The control recalls information is input to the iterative processing that preset times are carried out in neural network model trained in advance, In Each time in iterative process, for any one basic block to be operated, the basic block to be operated is relied on other Value of all basic blocks after upper primary iteration is added, then carries out ReLU transformation, obtains the first reference value；It will be described to be operated Value of the basic block after upper primary iteration carries out linear transformation, obtains the second reference value；By the first reference frame and the second reference value Value of the sum as the basic block wait operate after current iteration；

According to fuzzy histogram method, by all basic blocks, last result for taking turns iteration is fitted, using the line with biasing Property network transformation, exports the coding vector of the function；

Wherein, the initial value of each basic block is the atomic block level information of the basic block.

4. the search method of homologous binary code according to claim 1, which is characterized in that the atomic block level letter Breath include the quantity of the character string constant in basic block, the quantity of digital constant, the quantity of escape instruction, call instruction number Amount, the quantity of arithmetic instruction, the quantity of assembly instruction, the quantity of child node and intermediary's centrad.

5. the search method of homologous binary code according to claim 1, which is characterized in that the control recalls information For band property control calling figure ACFG, each node in property control calling figure ACFG is one and has attribute set Basic block.

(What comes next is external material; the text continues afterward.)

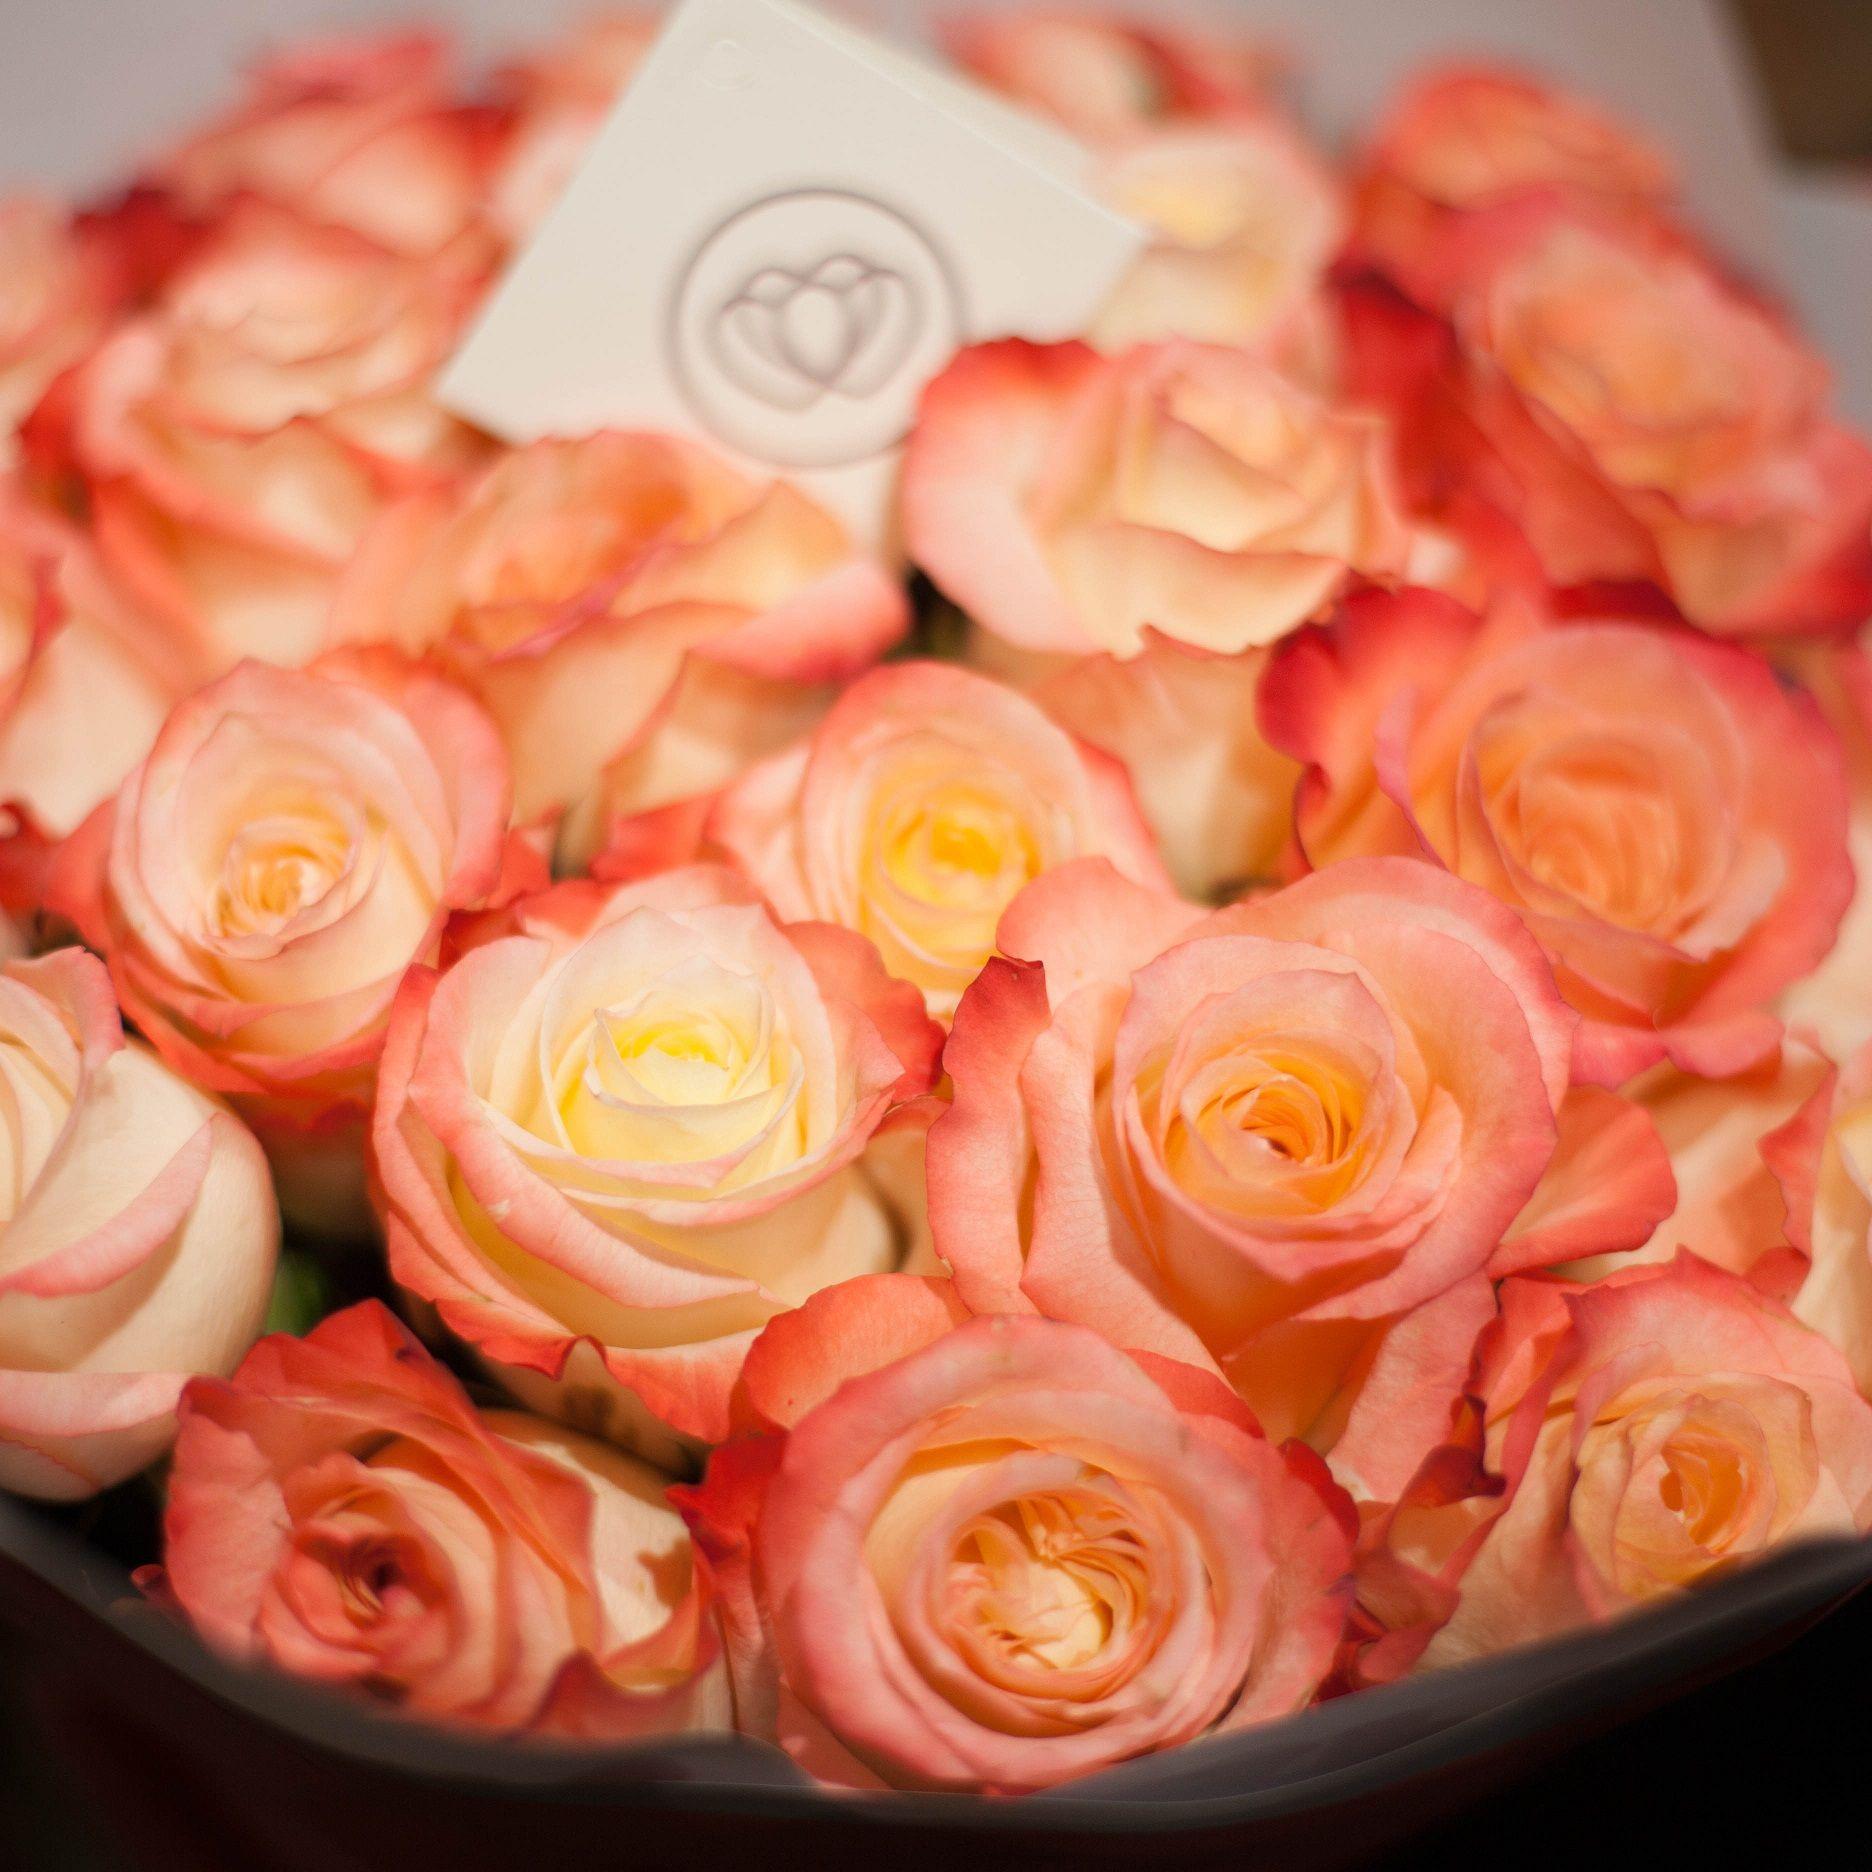 Кремовые с красной каймой розы Cabaret 40 см опт фото

6. the search method of homologous binary code according to claim 1, which is characterized in that the determination letter to be detected The atomic block level information of several all basic blocks and each basic block, specifically: the binary program is carried out reverse Partition function operation obtains several functions to be detected, all basic blocks of each function to be detected and each basic block Atomic block level information.

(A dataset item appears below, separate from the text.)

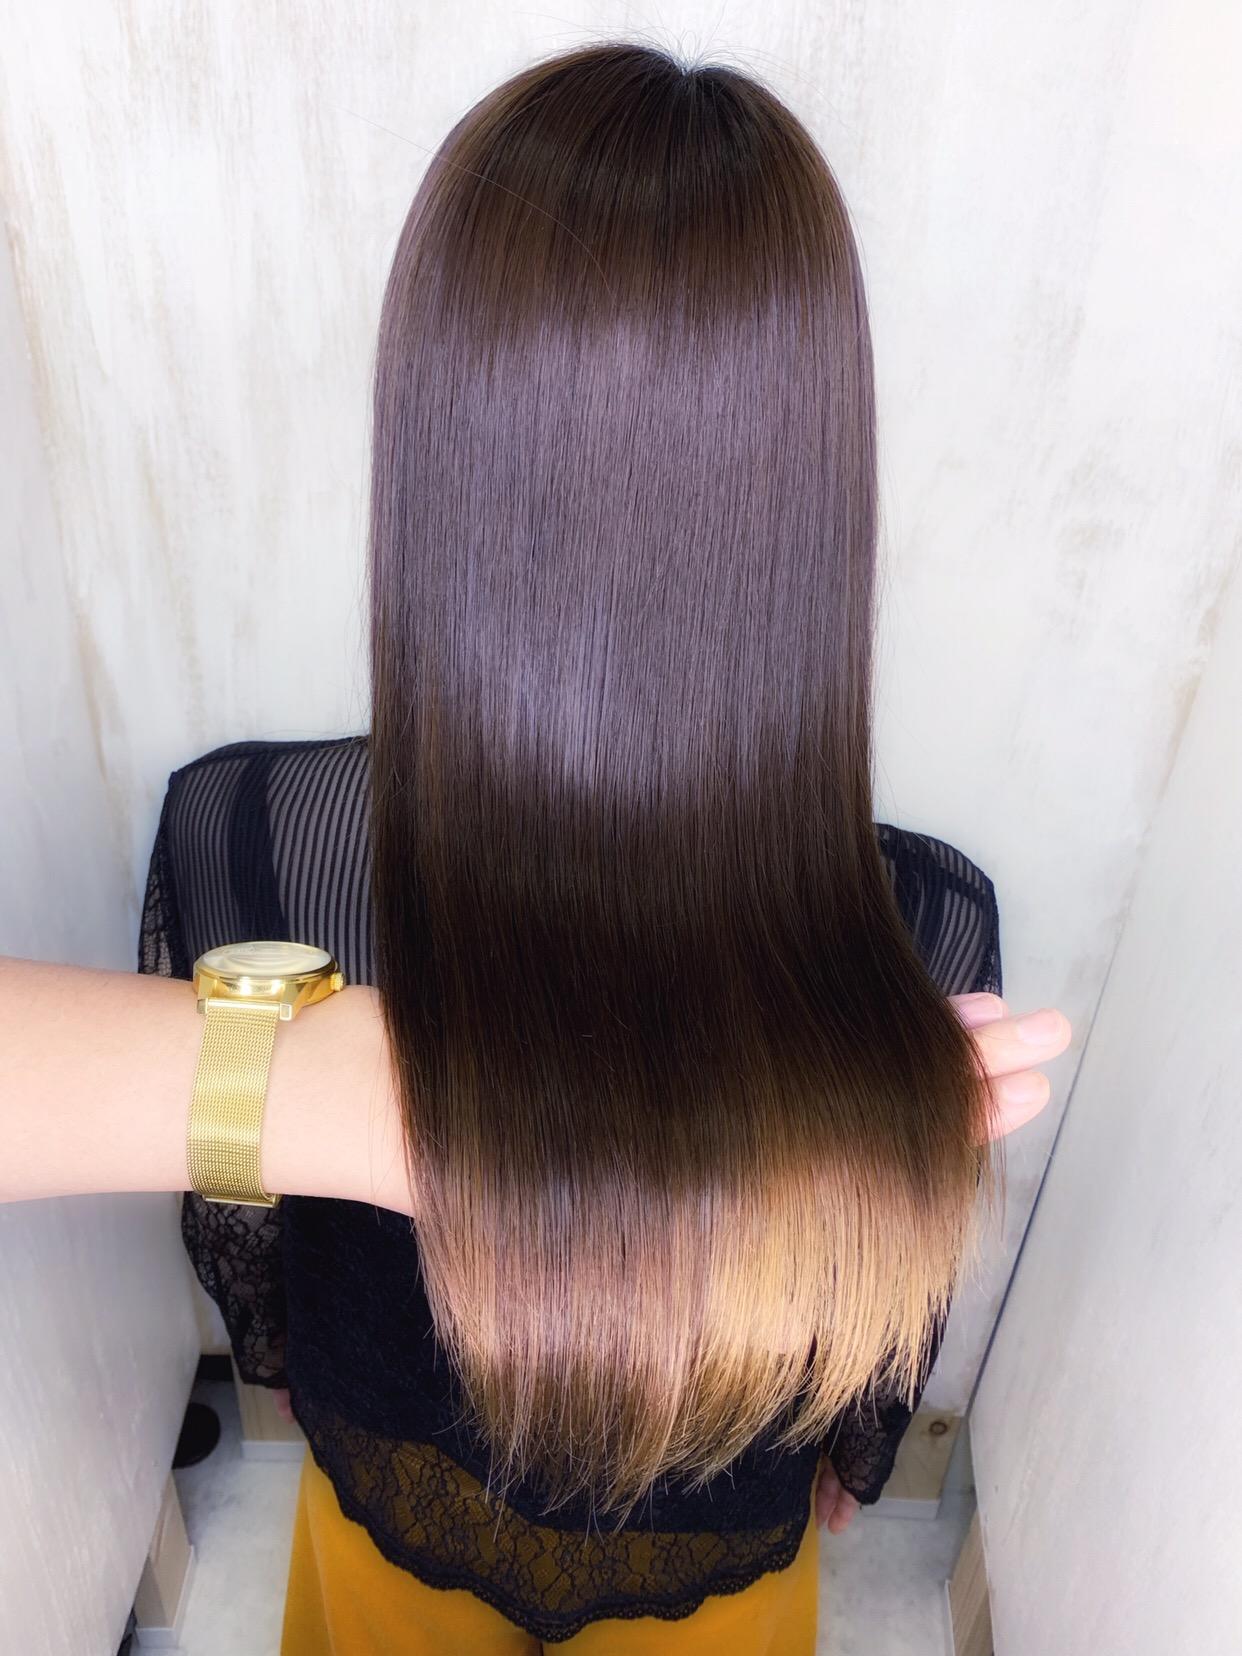 新・ジュエリーシステムでよりつやっつやの艶髪に。原宿・表参道『1000人をツヤ髪にヘアケア美容師の挑戦』

7. the search method of homologous binary code according to claim 3, which is characterized in that the number of iterations is 3 To 5 times.

8. a kind of retrieval device of homologous binary code characterized by comprising

Recalls information generation module is controlled, for determining all basic blocks of function to be detected and the basic block of each basic block Level information generates the controlling stream graph of the function to be detected, according to the controlling stream graph determine between all basic blocks according to The relationship of relying calls letter using the atomic block level information of all basic blocks and dependence as the control of the function to be detected Breath；

Hash signature generation module, it is defeated for the control recalls information to be input in neural network model trained in advance The coding vector of the function to be detected out, calculates the hash signature of the coding vector, as hash signature to be retrieved；

Retrieval module, for retrieving in the hash signature library constructed in advance with the presence or absence of identical as the hash signature to be retrieved Hash signature, and if it exists, then using the corresponding binary code of the hash signature retrieved as the same of the function to be detected Source binary code.

9. a kind of electronic equipment including memory, processor and stores the calculating that can be run on a memory and on a processor Machine program, which is characterized in that the processor is realized homologous two as described in any one of claim 1 to 7 when executing described program The step of search method of carry system code.

10. a kind of non-transient computer readable storage medium, which is characterized in that the non-transient computer readable storage medium is deposited Computer instruction is stored up, it is homologous as claimed in any of claims 1 to 7 in one of claims that the computer instruction executes the computer The search method of binary code.